Cafés by the score have had this same history, or have had a brief brilliant success and a failure sudden and complete. There was Cubats on the Champs Elysées, superbly installed in a house where had lived the mistress of Louis Napoleon. For a little while everyone went to Cubats. The place had enormous success, and then, all of a sudden, the crowd stopped going. Cubats did not exist. Perhaps the diners grew tired of being robbed. Parisians of the high-living class do not object to spending money. It is their metier, but the prices at Cubats were monumental and the proprietor in other and less humdrum times would have been a bold buccaneer or a bandit chief. One night a diner ordered a melon with his dinner. The waiter reported that melons were out of season. The patron growled, the waiter murmured that he would call Monsieur. Monsieur came, bland, imperturbable, and listened to the growling.

M'sieu wished absolutely to have a melon? But certainly. One could get it. It would be for after the dinner instead of before the dinner, however. That would be satisfactory?

The diner, mollified, signified his willingness to eat his melon after his sweet, and when the appointed time arrived, the melon arrived with it. Later, the bill arrived in its turn. One item read: "Melon—250 francs." There was a storm and the matter went to the courts, but the restaurateur remained imperturbable. The melon was expensive—he admitted as much to the judge sorrowfully—but M'sieu would have it. When one orders horses and carriage and sends a special messenger post-haste through the night for many miles in order to gratify a patron's whim, one must be paid for one's trouble. The judge appreciated the point and the bill was paid,—but in time Cubats closed its doors.

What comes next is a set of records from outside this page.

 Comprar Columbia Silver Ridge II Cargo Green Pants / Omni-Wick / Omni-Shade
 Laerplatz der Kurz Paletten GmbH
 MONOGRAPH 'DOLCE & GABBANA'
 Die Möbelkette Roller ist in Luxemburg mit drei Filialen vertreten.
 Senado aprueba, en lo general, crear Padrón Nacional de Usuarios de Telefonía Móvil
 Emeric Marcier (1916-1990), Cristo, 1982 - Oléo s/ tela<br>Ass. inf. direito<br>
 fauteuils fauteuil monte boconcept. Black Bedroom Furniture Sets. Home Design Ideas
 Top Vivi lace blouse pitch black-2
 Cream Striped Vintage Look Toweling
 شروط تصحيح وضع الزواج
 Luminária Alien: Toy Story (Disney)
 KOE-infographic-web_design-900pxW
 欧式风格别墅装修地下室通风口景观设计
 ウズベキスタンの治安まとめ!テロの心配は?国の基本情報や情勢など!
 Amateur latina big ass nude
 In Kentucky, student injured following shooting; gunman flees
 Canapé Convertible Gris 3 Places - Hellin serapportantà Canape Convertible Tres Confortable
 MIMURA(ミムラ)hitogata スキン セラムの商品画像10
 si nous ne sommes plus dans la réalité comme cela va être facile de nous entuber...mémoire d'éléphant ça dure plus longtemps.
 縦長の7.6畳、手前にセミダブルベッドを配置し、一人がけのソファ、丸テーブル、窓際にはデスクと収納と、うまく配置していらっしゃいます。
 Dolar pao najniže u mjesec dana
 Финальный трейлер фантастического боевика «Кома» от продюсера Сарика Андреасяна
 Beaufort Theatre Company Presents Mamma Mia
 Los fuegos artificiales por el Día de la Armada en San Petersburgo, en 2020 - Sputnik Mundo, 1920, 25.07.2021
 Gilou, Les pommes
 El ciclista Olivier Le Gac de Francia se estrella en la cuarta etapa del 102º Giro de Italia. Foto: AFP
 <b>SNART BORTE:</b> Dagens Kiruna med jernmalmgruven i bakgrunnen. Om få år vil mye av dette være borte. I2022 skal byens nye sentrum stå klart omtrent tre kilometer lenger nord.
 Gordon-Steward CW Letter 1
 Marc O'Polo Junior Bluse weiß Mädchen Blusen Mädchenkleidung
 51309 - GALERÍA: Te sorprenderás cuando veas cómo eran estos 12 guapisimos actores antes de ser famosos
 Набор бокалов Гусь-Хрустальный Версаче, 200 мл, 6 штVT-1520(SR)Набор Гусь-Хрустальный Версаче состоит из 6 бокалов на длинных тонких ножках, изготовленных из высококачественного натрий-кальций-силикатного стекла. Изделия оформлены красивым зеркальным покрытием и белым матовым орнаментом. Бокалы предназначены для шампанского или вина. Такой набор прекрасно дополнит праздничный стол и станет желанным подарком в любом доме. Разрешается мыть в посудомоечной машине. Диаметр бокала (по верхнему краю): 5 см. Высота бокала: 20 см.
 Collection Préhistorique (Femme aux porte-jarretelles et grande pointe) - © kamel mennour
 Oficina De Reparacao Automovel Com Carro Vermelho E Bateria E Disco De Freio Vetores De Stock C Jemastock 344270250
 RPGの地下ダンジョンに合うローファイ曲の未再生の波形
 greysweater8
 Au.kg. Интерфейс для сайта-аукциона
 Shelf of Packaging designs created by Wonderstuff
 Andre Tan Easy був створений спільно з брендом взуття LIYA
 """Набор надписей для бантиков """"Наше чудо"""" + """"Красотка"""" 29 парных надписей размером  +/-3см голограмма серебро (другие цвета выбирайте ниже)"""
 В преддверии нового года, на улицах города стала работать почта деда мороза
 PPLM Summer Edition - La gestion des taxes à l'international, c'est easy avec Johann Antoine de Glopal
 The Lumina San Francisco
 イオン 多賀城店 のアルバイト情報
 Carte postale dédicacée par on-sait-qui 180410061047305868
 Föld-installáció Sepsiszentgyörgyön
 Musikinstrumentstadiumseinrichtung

Outside of Paris there are many restaurants to which Parisians drive or motor for dinner when they are tired of the Bois, yet want to escape from city walls. The Reservoir at Versailles, and the Henri Quatre at St. Germain, are the oldest, the most famous of the list, and though for a time their prestige declined in so far as the truly fashionable diners were concerned, both have taken on new popularity since the automobile brought about a mania for dining out of town. At the Reservoir one is in the midst of historic associations. The place, with its decorations and furnishings in pure Louis XVI style, was already famous when Marie Antoinette played at farming in the Petit Trianon, near by. The place has seen many notable dinners, harboured many illustrious personages, and its ancient grandeur clings about it like a garment, though it caters now to the most mixed and modern of fashionable crowds.

Historic memories swarm thickly about the Henri Quatre too. Louis the XIV was born in the building which is now a restaurant, and a cradle marks the café silver. From the terrace and the windows one looks over miles of fertile valley, and at the tables one finds, save upon Sunday, a particularly chic crowd. On Sunday the bourgeoisie invade the place, but during the week it is very much the thing to run out to the Henri Quatre for luncheon or dinner.